Джеймс нежно улыбался своему мобильному, и не сразу поднял голову.

— Я отличный парень с перспективами, кореш, — заявил Грег, опираясь всем весом на трость, — но мне скучно.

— У меня есть отличная идея, — Уилсон встал с чашкой кофе из-за стола, — иди и поработай. О, прости, прости, я нарушил твою идеологически обоснованную лень? Отдыхай; пандемия предотвращена, можно вздохнуть свободно.

Грег выпрямился, и полез в карман. Через мгновение на стол возле Джима Уилсона упали красные кружевные трусики доктора Кадди. Уилсон поперхнулся кофе, и едва не облил рубашку.

— I don’t like you, but I love you, — пропел популярный мотив Хаус, и облизал пересохшие губы, — йоху! Добыл вчера. Кстати, с суицидом ты немного перегнул, она приехала бы и просто так.

Уилсон нервно сглотнул, поставил чашку на стол, и склонился над добычей друга.

— Ты подсыпал Кадди пентатал натрия? — слабо поинтересовался он, глядя на друга глазами раненной лани, — споил? Шантажировал?

Хаус многозначительно повел бровями, и, напевая, удалился. Уилсон собирался было отправиться за ним, но потом решил перепрятать нижнее белье главврача куда-нибудь. После долгих раздумий он положил трусики Лизы между страниц журнала посещений хосписных больных, и запер его в сейф.

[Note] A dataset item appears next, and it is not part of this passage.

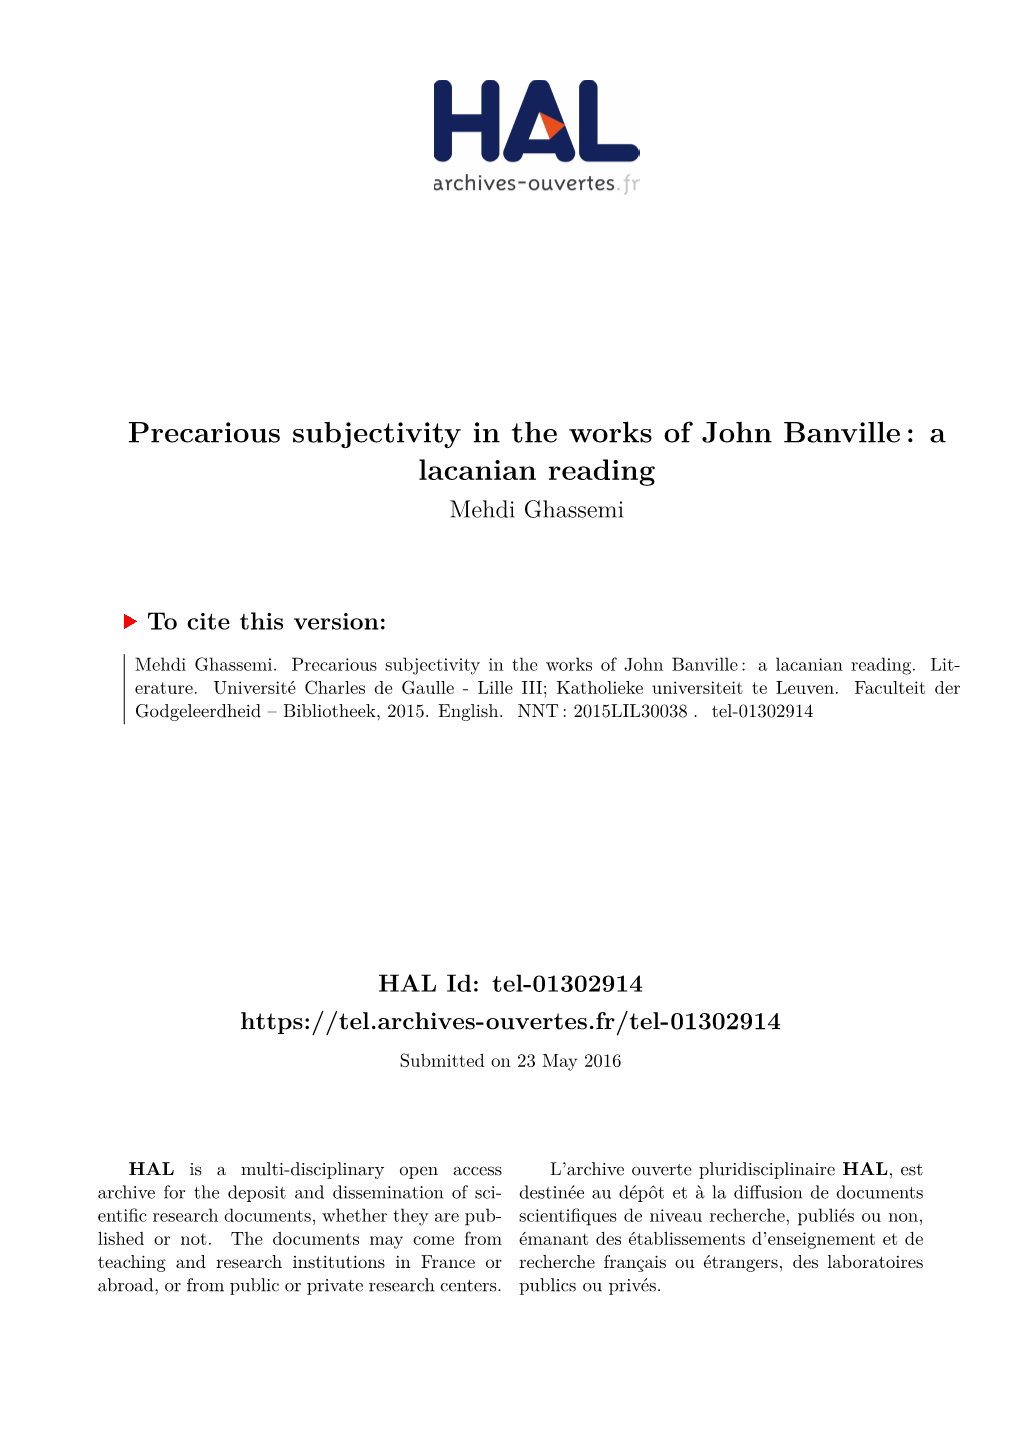 Precarious Subjectivity in the Works of John Banville: a Lacanian Reading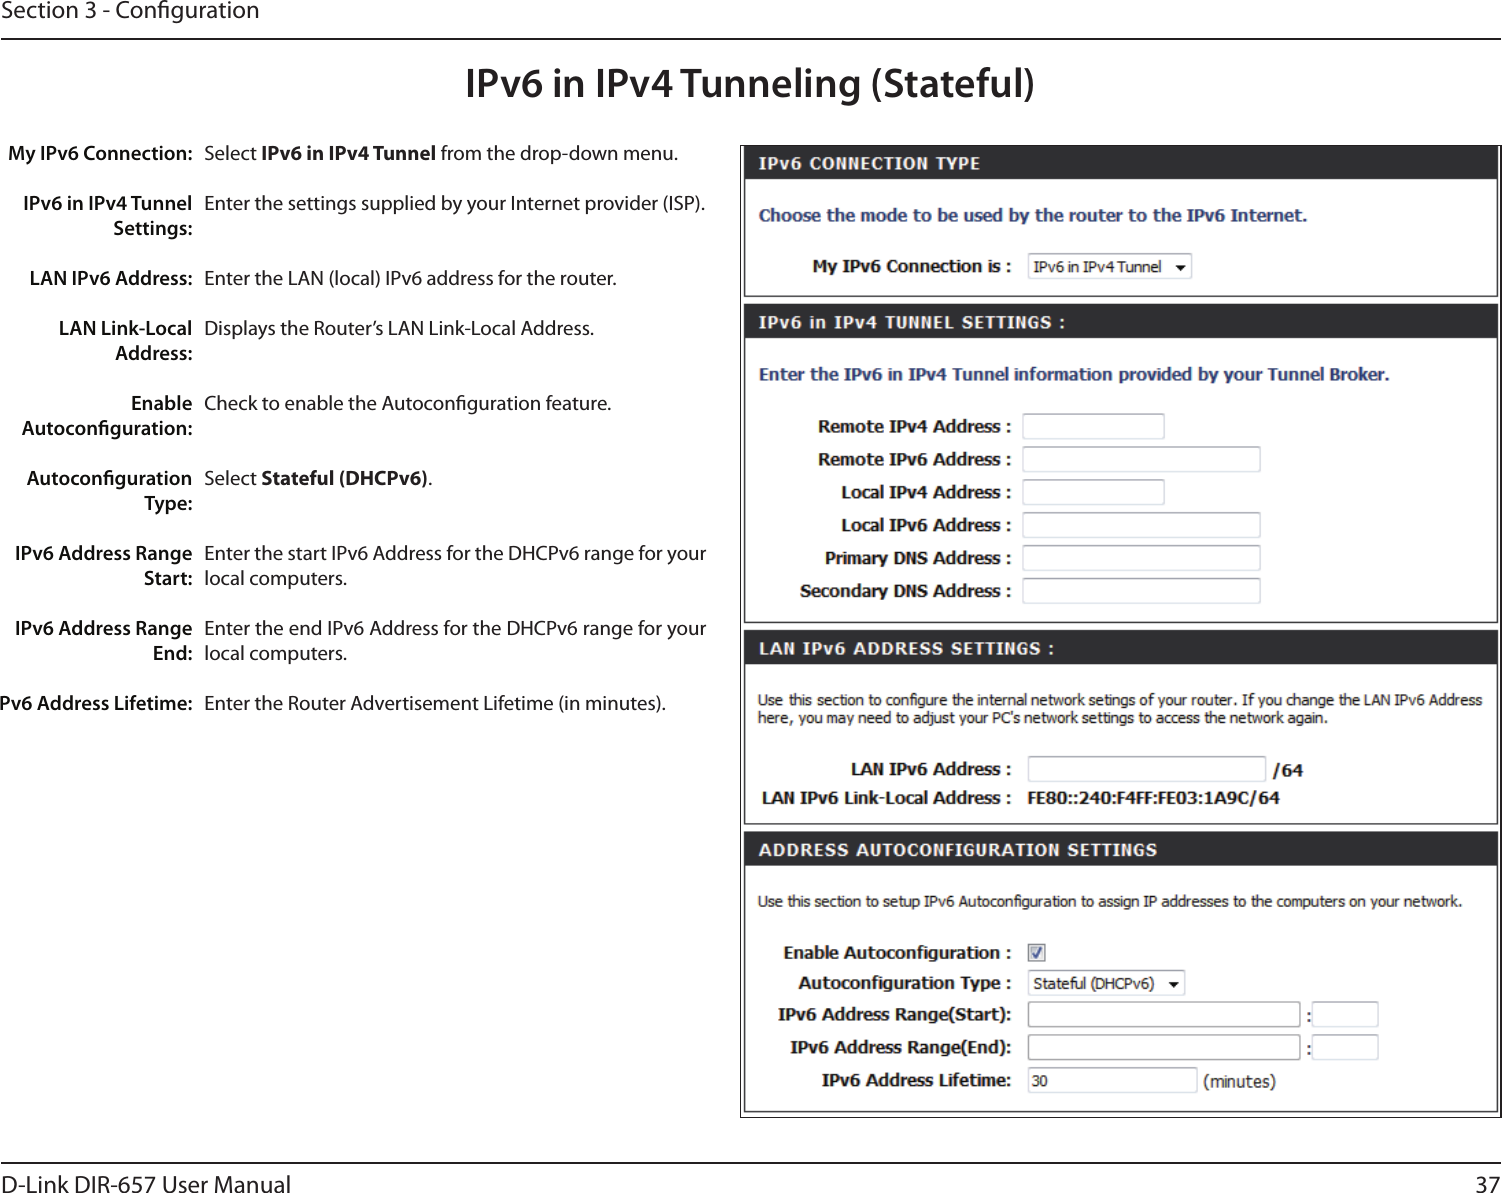 37D-Link DIR-657 User ManualSection 3 - CongurationIPv6 in IPv4 Tunneling (Stateful)Select IPv6 in IPv4 Tunnel from the drop-down menu.Enter the settings supplied by your Internet provider (ISP). Enter the LAN (local) IPv6 address for the router. Displays the Router’s LAN Link-Local Address.Check to enable the Autoconguration feature.Select Stateful (DHCPv6). Enter the start IPv6 Address for the DHCPv6 range for your local computers.Enter the end IPv6 Address for the DHCPv6 range for your local computers.Enter the Router Advertisement Lifetime (in minutes).My IPv6 Connection:IPv6 in IPv4 Tunnel Settings:LAN IPv6 Address:LAN Link-Local Address:Enable Autoconguration:Autoconguration Type:IPv6 Address Range Start:IPv6 Address Range End:Pv6 Address Lifetime:

И только тогда Уилсон схватился за щеку.

— Да он поет! — пробормотал Джеймс в изумлении и восторге.


Хаус был на верху блаженства. «Зайду-ка к Кадди, — решился он, переполненный легкостью и энергией, — я вчера был неотразим. Да, определенно, мне надо на нее посмотреть». Грегори Хаус, как истинный самец с первобытными инстинктами, нуждался в постоянном наличии «раздражителя» — Кадди. Он должен был видеть ее, осязать, постоянно слышать ее возмущенный голос — где-нибудь поблизости.

Однако его планам сбыться было не суждено. Прямо у кабинета доктор Лиза Кадди флиртовала с каким-то высоким брюнетом, облаченным в элегантный костюм. Брюнет смеялся бархатным голосом, Лиза, чуть повысив голос, о чем-то радостно рассказывала. Улыбка спала с лица Хауса, и он прильнул к стене, осторожно выглядывая из-за угла. Его острый взгляд заметил цветы в вазе на столе у Кадди.

Наконец, брюнет распрощался с Лизой, и на прощанье она сама потянулась к нему, чтобы поцеловать в щеку. Грегори Хаус, подпирая стену коридора, был деловит, собран и мрачен. Если бы у Грега была возможность, он бы зарычал. На его территорию вторгся чужак, ростом выше шести футов. Здоровый молодой самец.

Хаус еще раз рыкнул про себя, и отправился в клинику. Он был полон злости, и намеревался добить остатки хорошего настроения общением с пациентами.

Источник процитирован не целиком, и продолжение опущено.